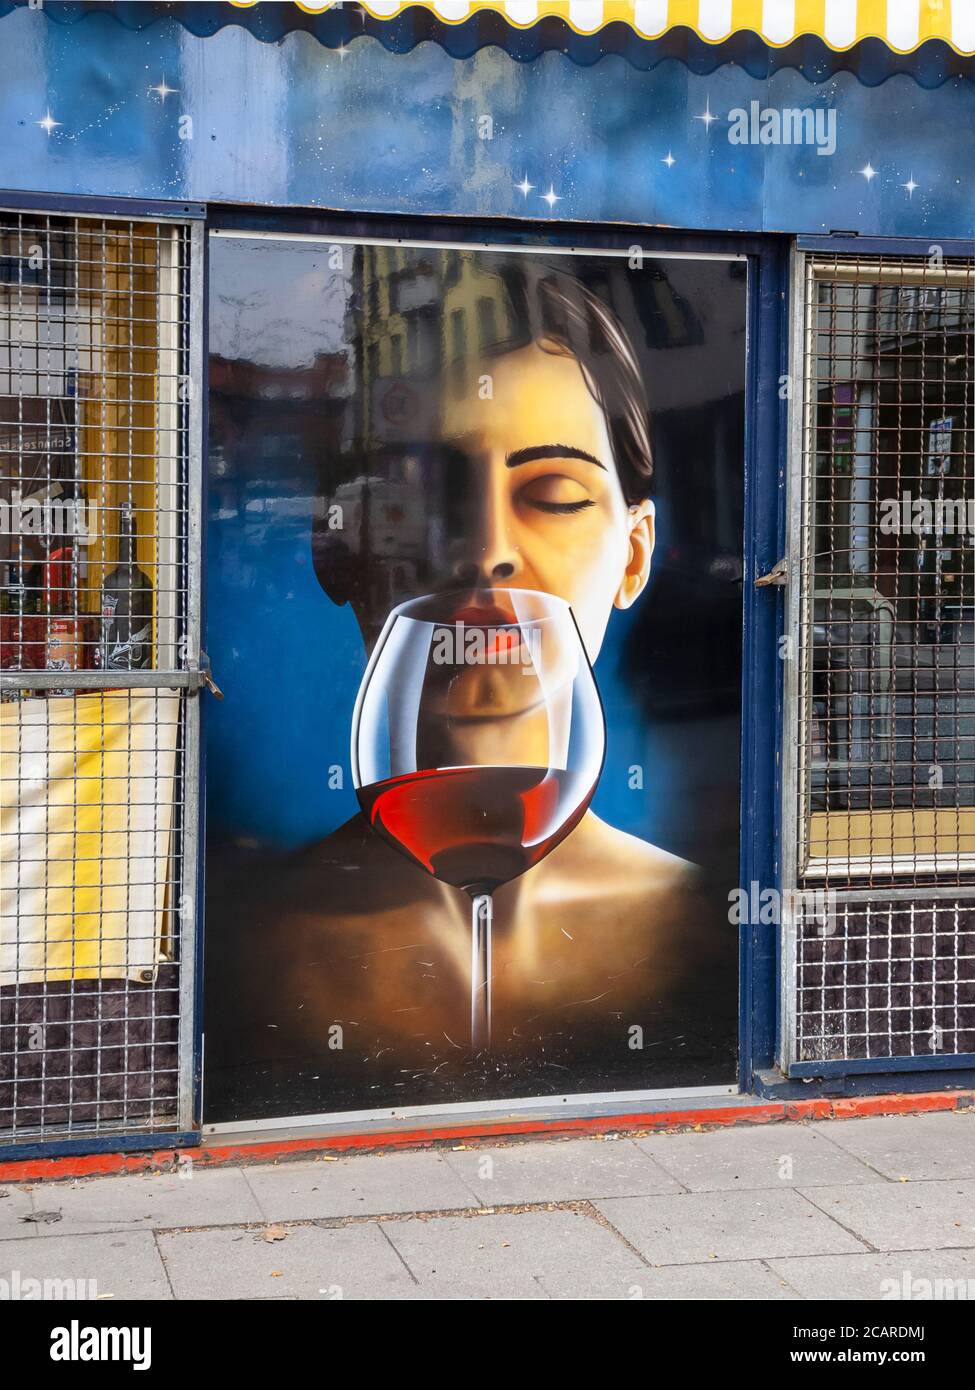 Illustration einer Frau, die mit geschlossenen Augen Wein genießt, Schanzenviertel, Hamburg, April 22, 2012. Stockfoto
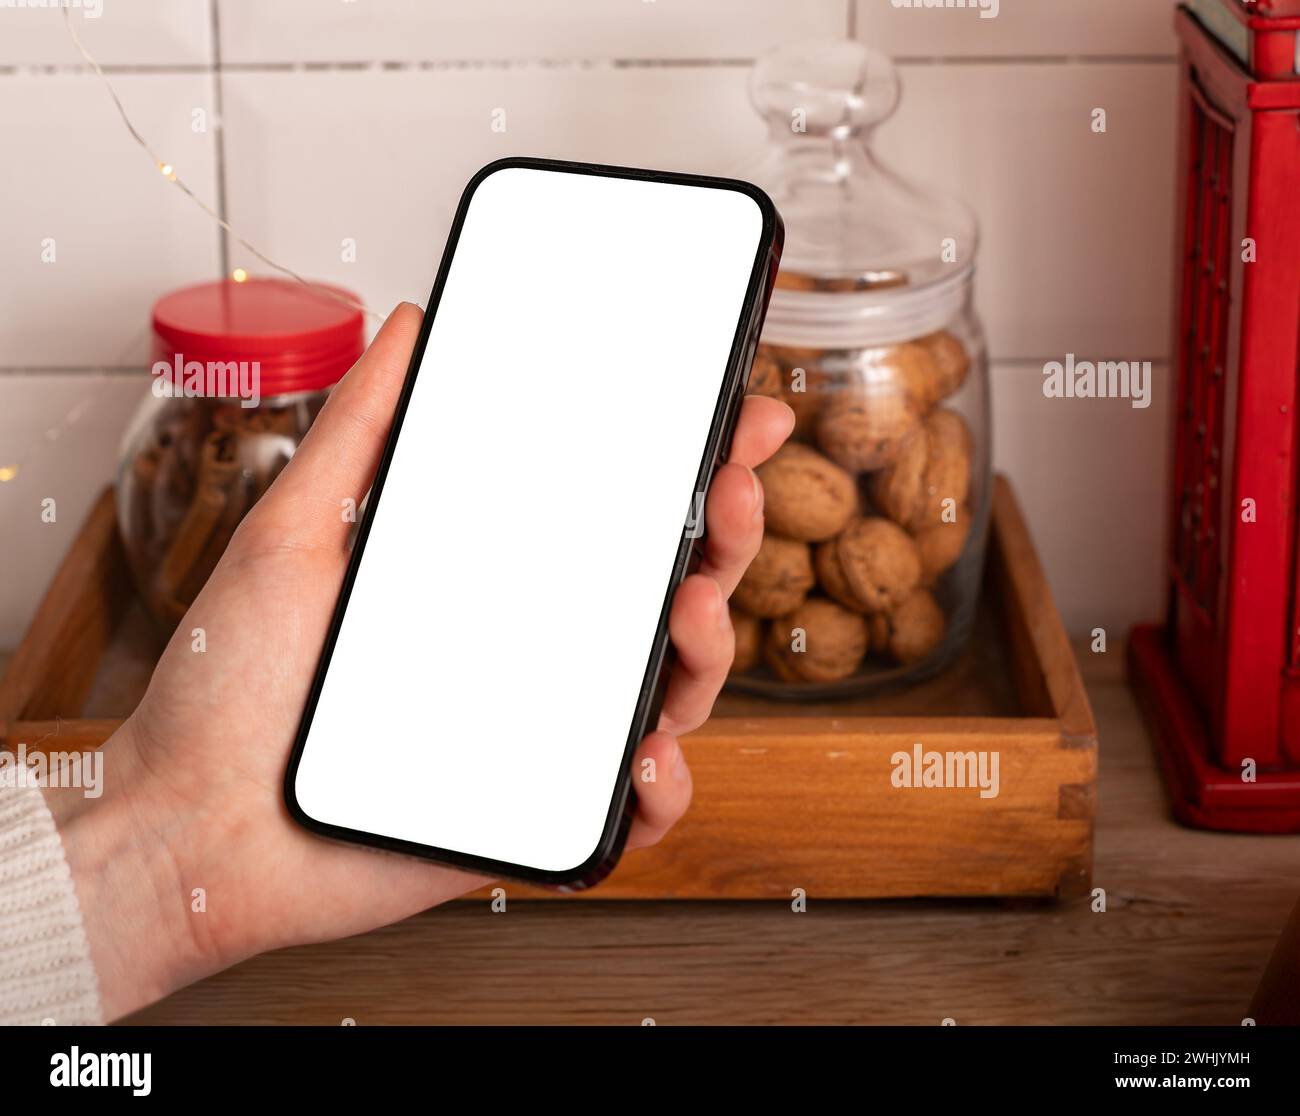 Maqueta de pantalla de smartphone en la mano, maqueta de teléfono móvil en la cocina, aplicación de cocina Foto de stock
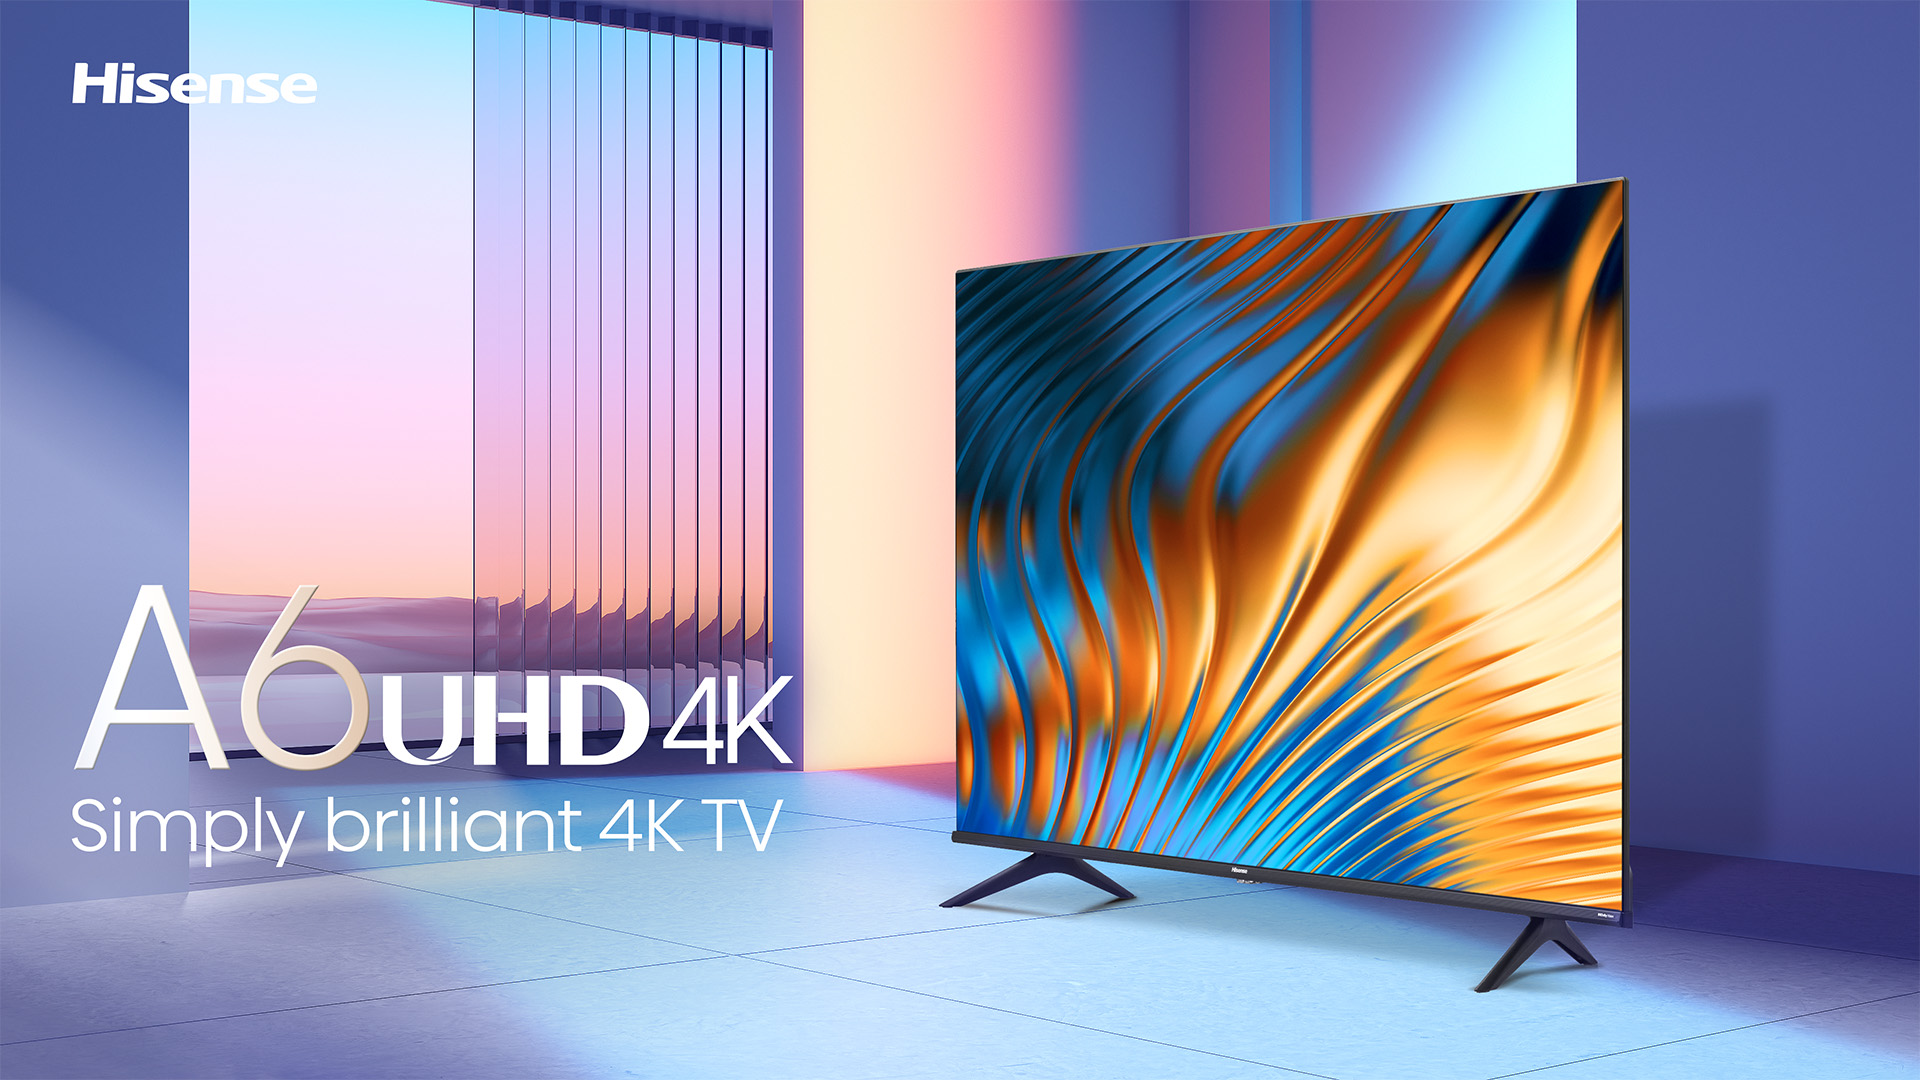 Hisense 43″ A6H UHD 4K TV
-------------------------
REQUIRED WORK:
Output all the material verbatim, skipping every image.

PROBLEM SOLUTION:
 Illustration einer Frau, die mit geschlossenen Augen Wein genießt, Schanzenviertel, Hamburg, April 22, 2012. Stockfoto
 Maqueta de pantalla de smartphone en la mano, maqueta de teléfono móvil en la cocina, aplicación de cocina Foto de stock
 Hisense 43″ A6H UHD 4K TV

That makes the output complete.